Eva Dawson was standing at the laundry-room window, a mobile phone clamped to her ear. ‘I promise you, Joyce, I’m not joking. Sam Grey’s here with a mini tractor thingy dragging a trailer with stone on it. It’s going on top of poor Mary so the dog can’t start digging there.’
After a pause, she picked up the thread. ‘And the doc’s building a house for the dog. What? No, not a kennel. It’s more the size of a kiddy’s play house. Raised off the ground to keep it from getting damp. All for a stray dog. Oh, I’d better go. Talk to you later, and see you at bingo.’
Andrew entered. ‘I’ve decided on proper foundations. I’ll insulate, then run a pipe through and instal a radiator. Can’t have him getting cold, can we?’
Eva’s mouth snapped shut. Sometimes, it was better to say nothing. If her employer seemed to be going a different kind of mad, that might be classed as progress. He talked to the animal now. Perhaps the daft-looking bugger would help the doc stop having one-sided conversations with the deceased.
She joined him in the kitchen. ‘Do you want something to eat?’ she asked.
‘I’ll look after myself, thanks. Even my own cooking has to be an improvement on hospital food.’
‘But I’m here.’
‘I know you’re here. I can see you here and hear you here. But I don’t want to take advantage of you.’

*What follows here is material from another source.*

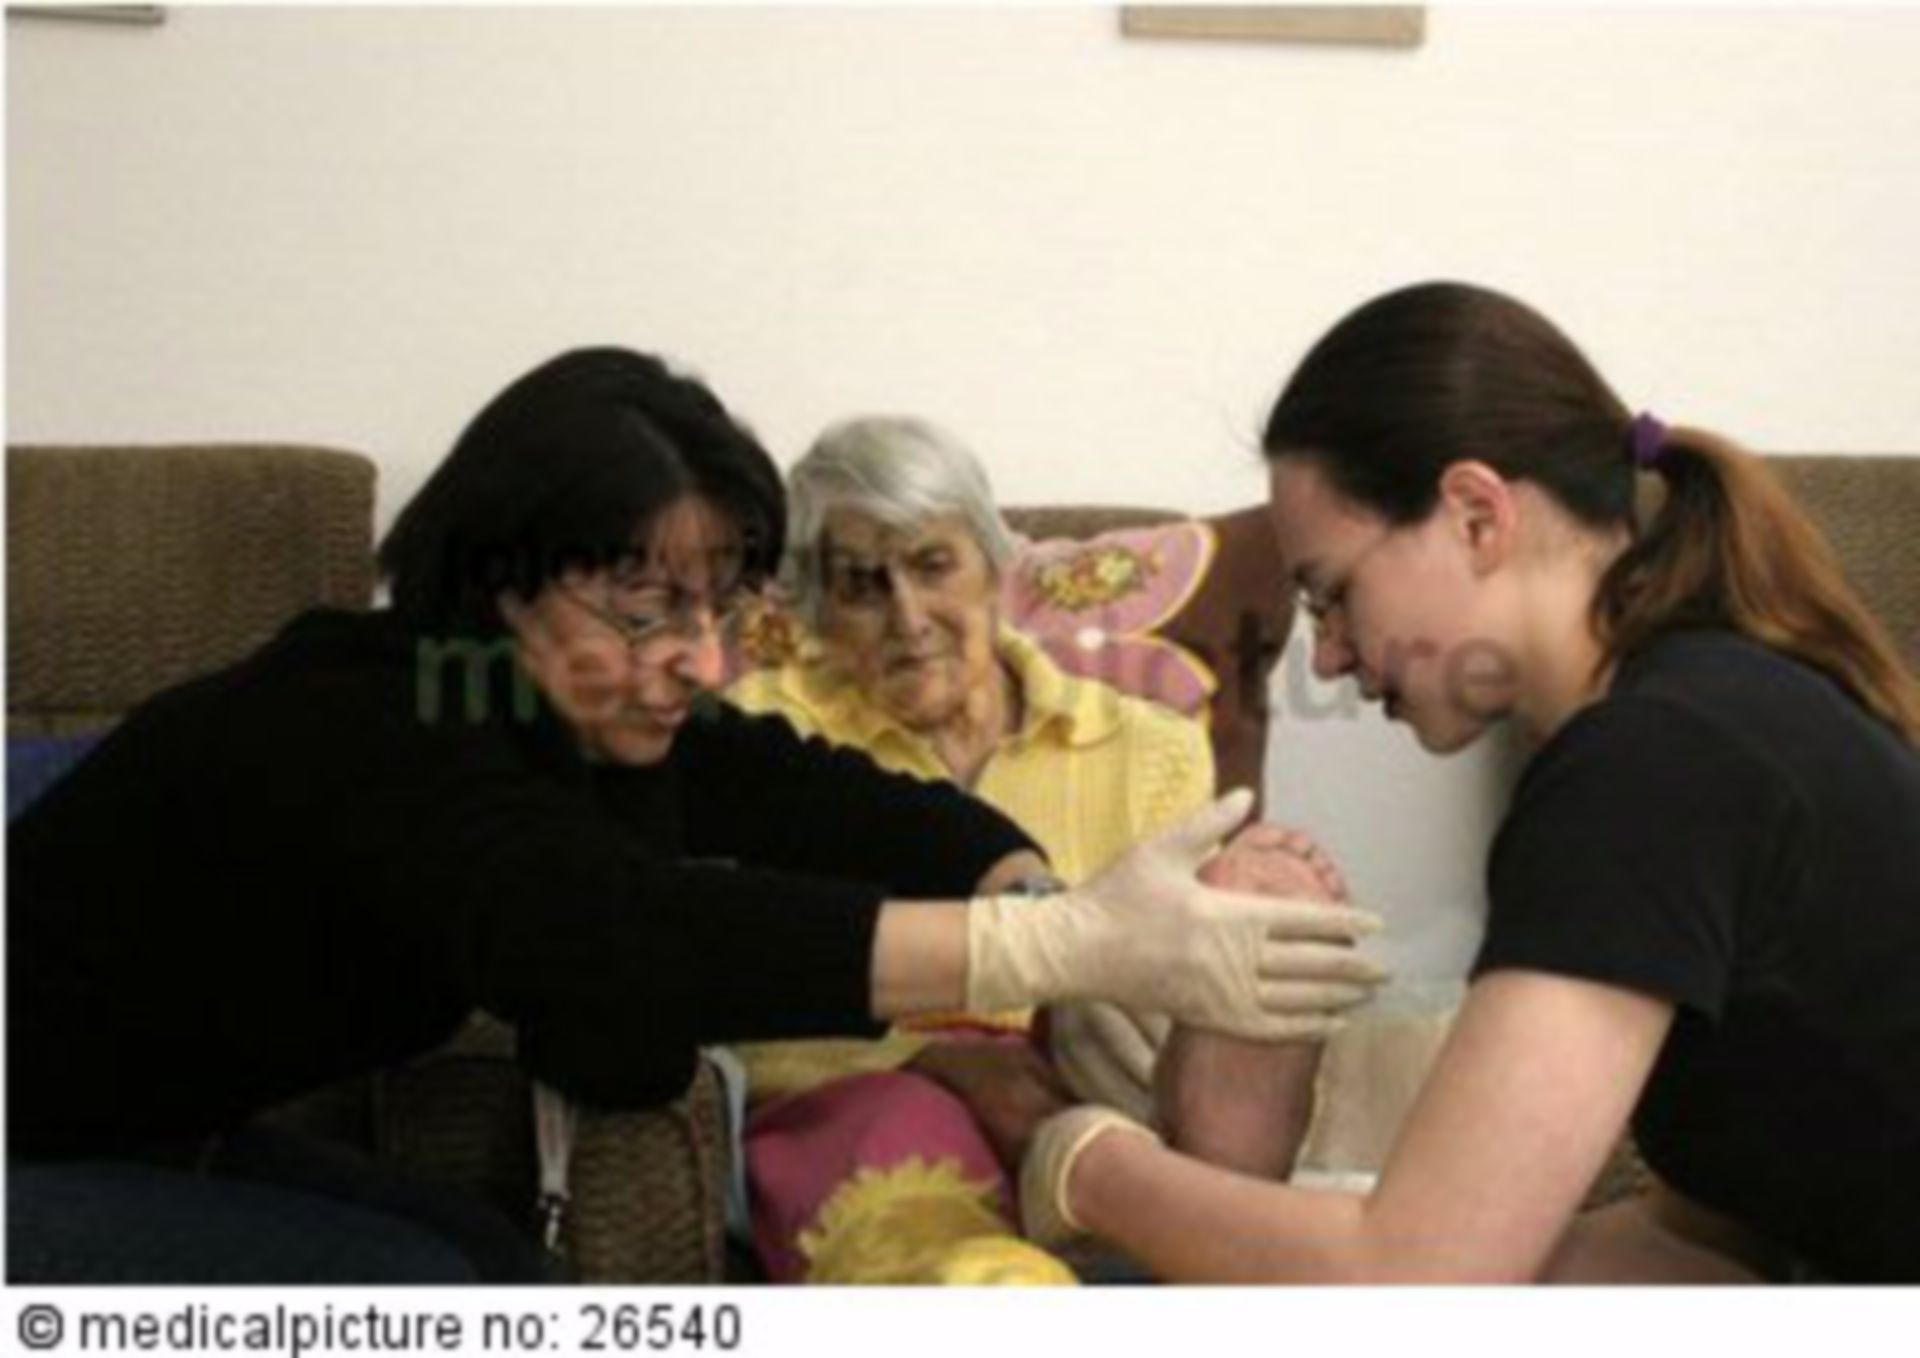 Altenpflege, elderly care

‘Ooh, there’s a novelty. Months I’ve been asking could our Natalie come a few times a month to do some of the heavier work. She needs a few bob, being a student.’
So, it looked as if Eva had produced something that hadn’t put its name down for prison. ‘Studying what?’
‘Medicine,’ she snapped.
‘In Liverpool?’
‘In Liverpool. She needs work because of student loans.’
‘Right. Use her and give me the bill.’
‘Don’t worry, I will. Now. Scrambled or poached egg on toast, bacon butty, ploughman’s, salad, baked potato?’
‘Bacon butty,’ he replied. ‘With ketchup.’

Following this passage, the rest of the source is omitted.